= AIM OF THE TASK =
You are asked to repeat the listing word for word and to leave out its pictures.
──────── DATA BLOCK ────────
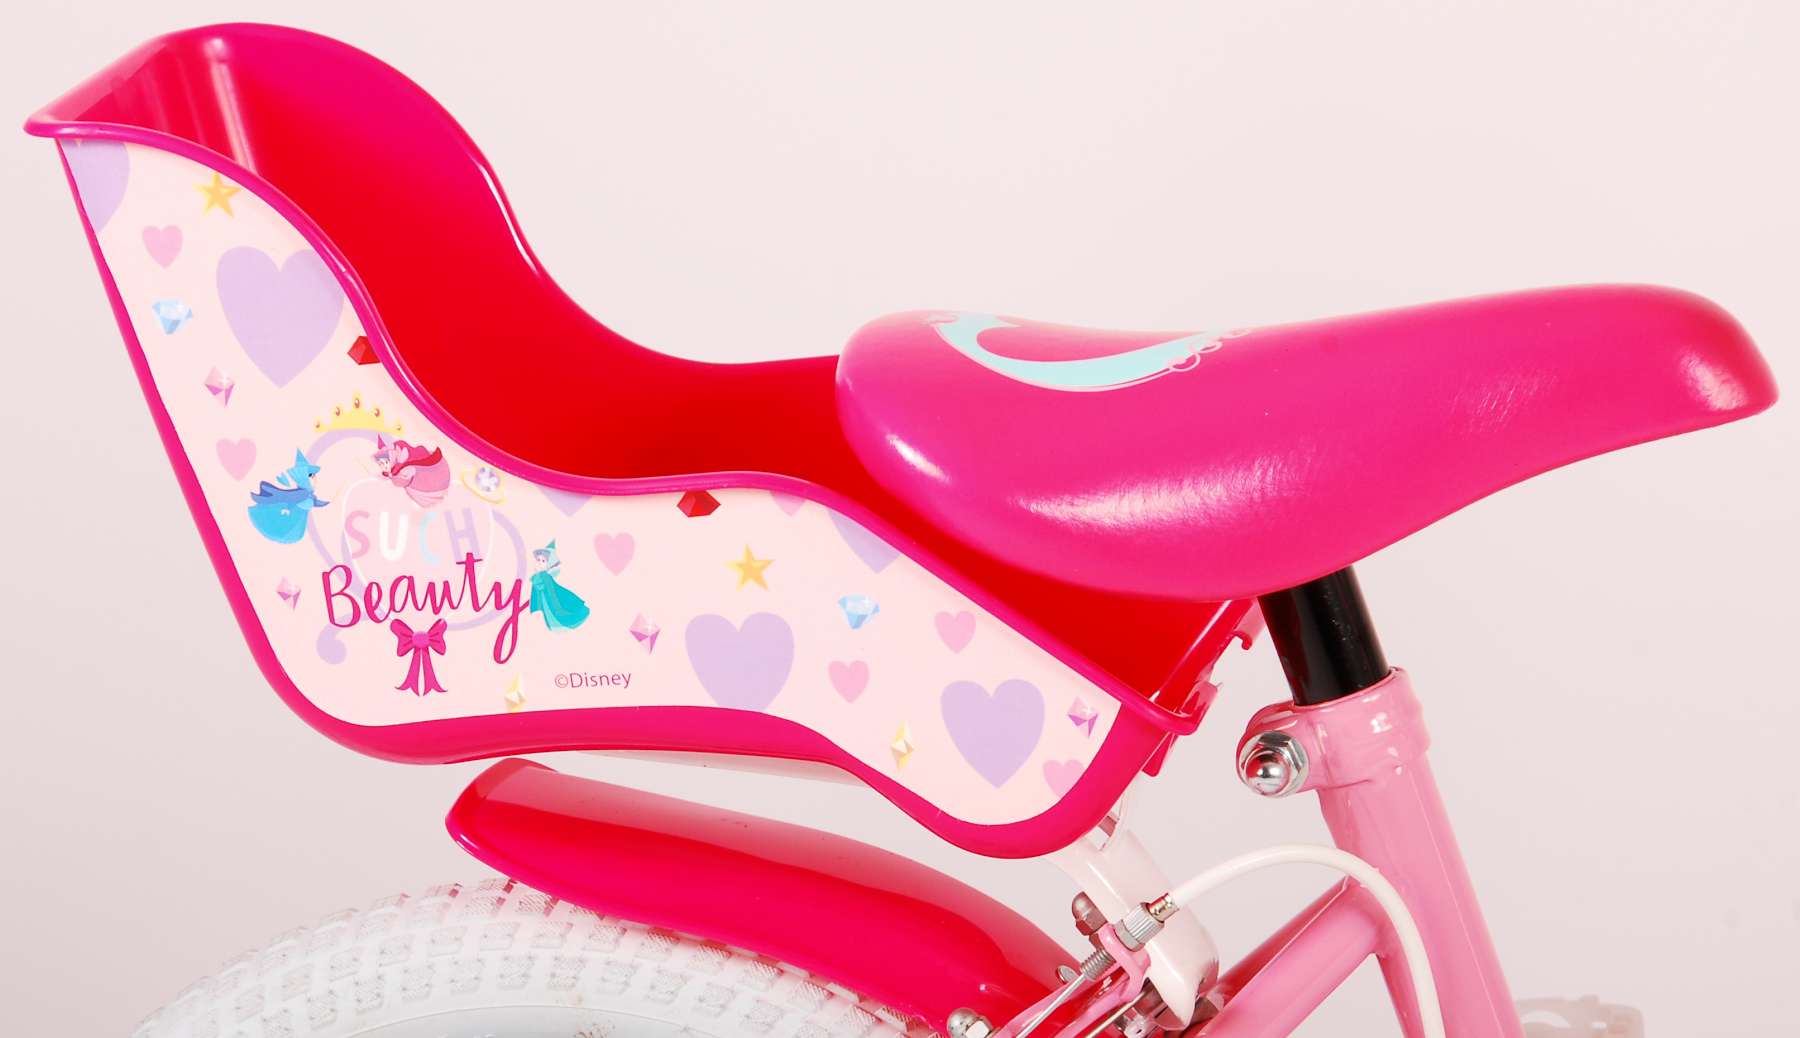 14 Inch Disney Princess Bike Girls Bicycle Kids Beautiful Design 
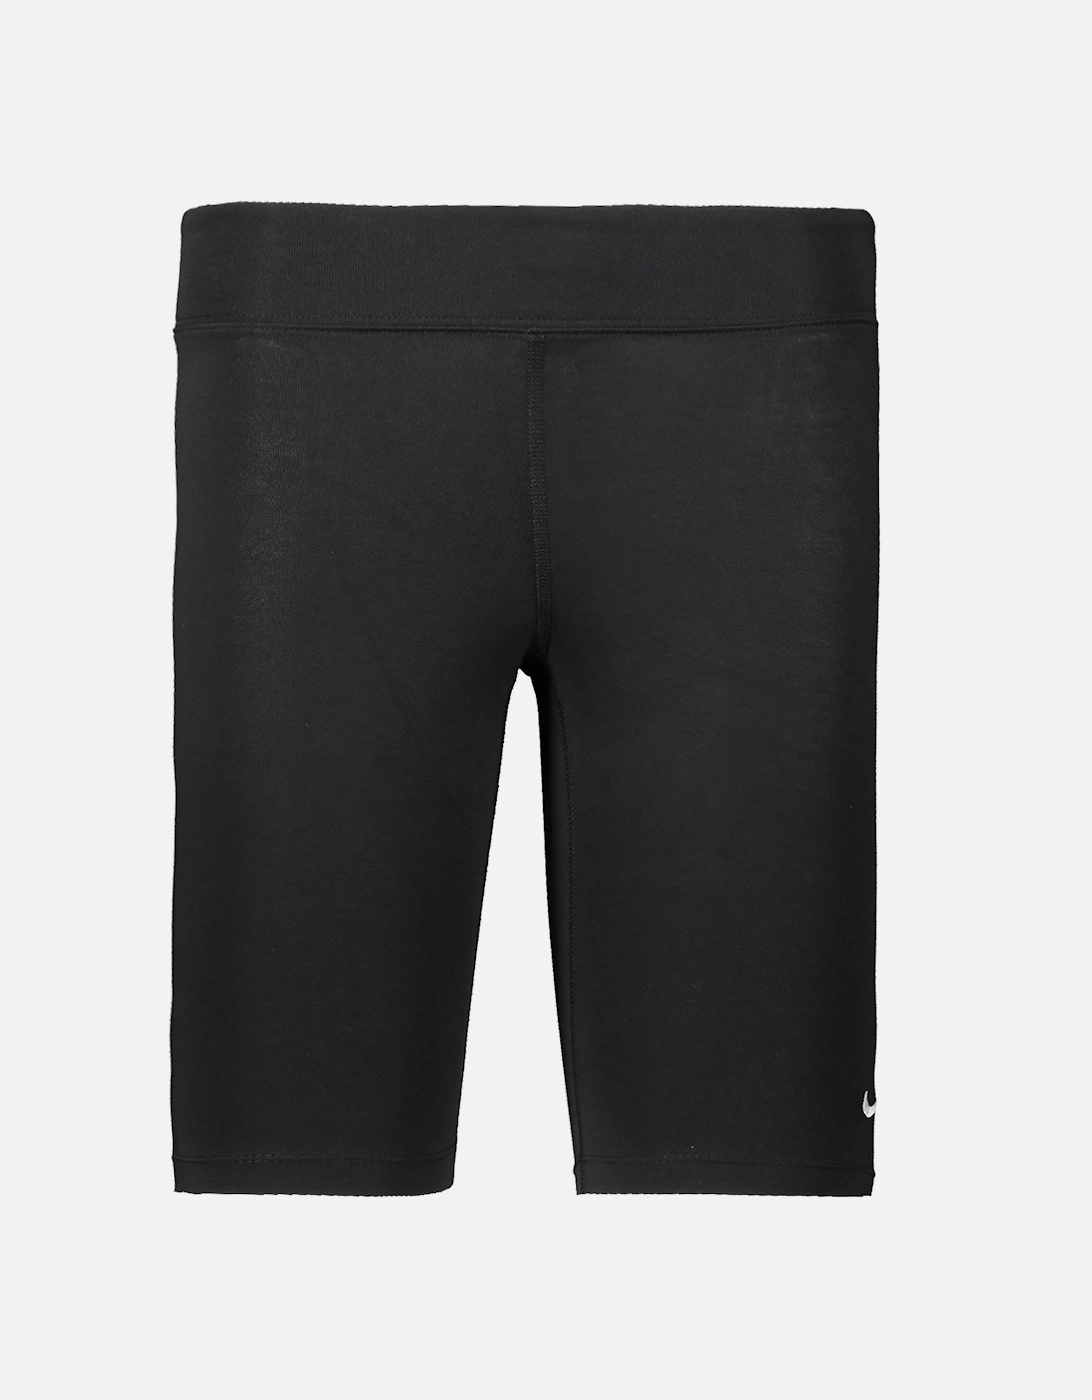 NSW Bike Shorts - Black, 7 of 6
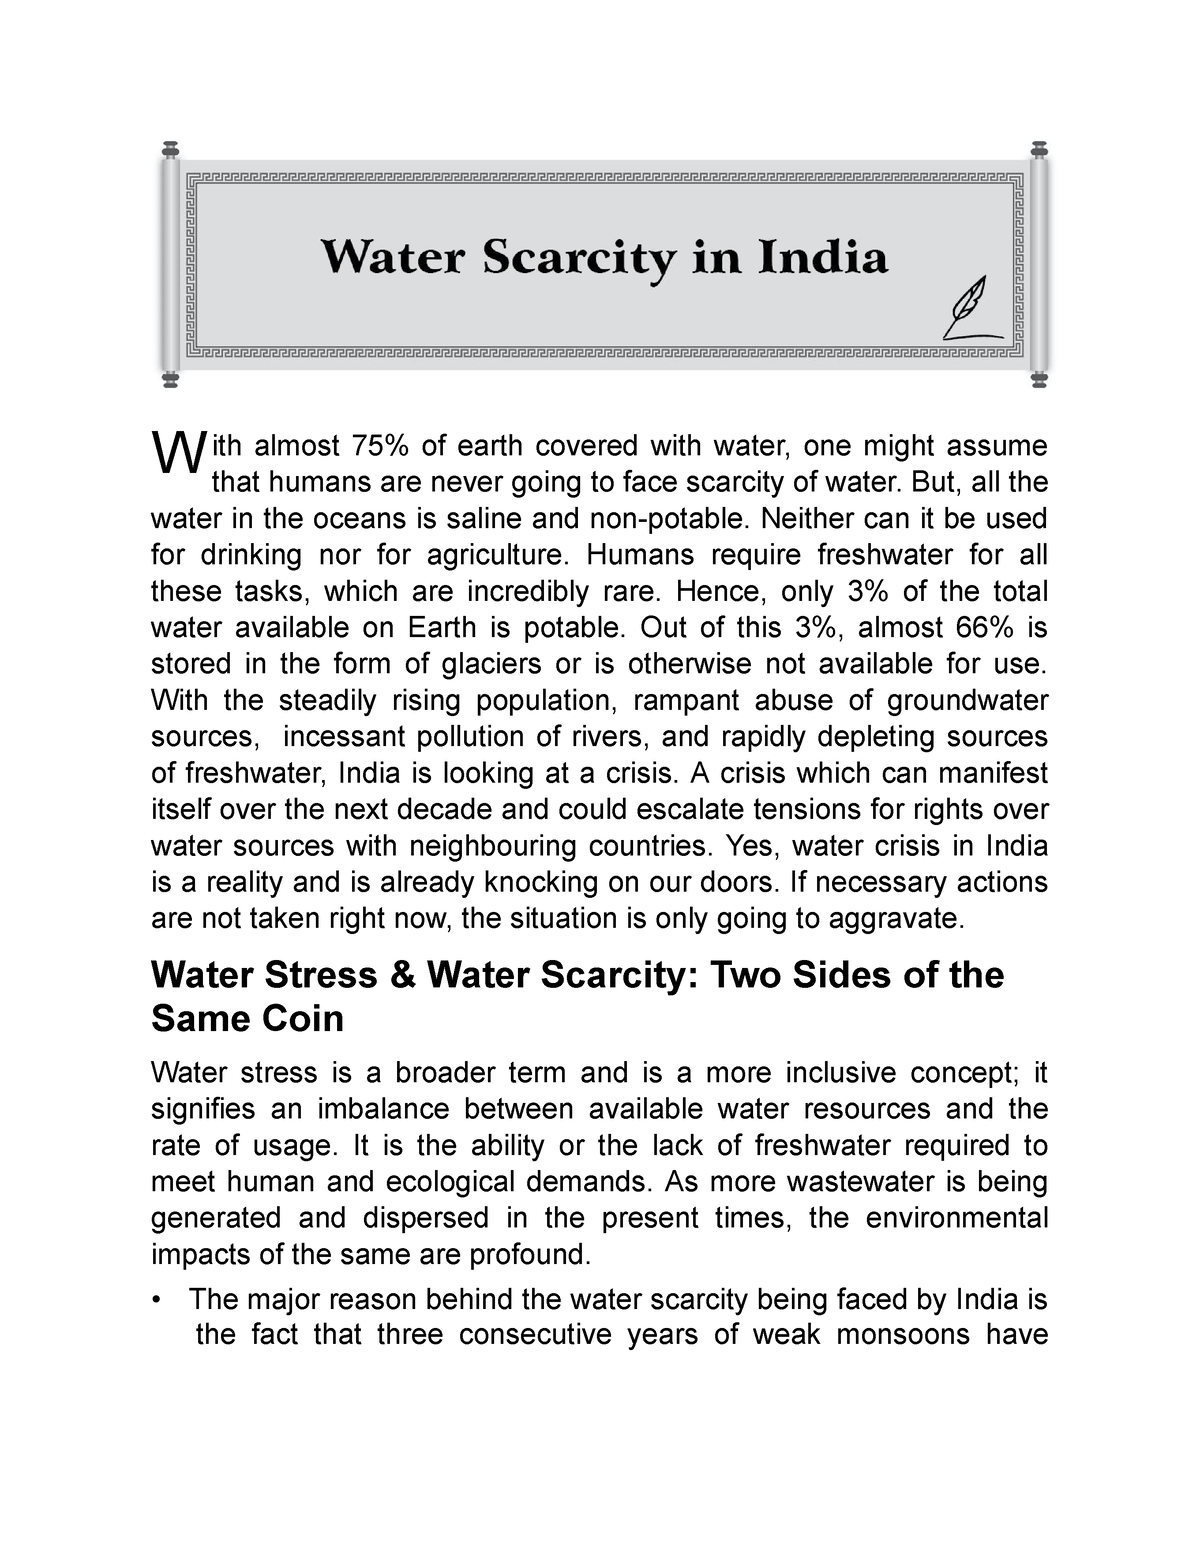 water scarcity short essay
────────
= RESPONSE TO THE EXERCISE =
 14 Inch Disney Princess Bike Girls Bicycle Kids Beautiful Design 
 NSW Bike Shorts - Black, 7 of 6
 water scarcity short essay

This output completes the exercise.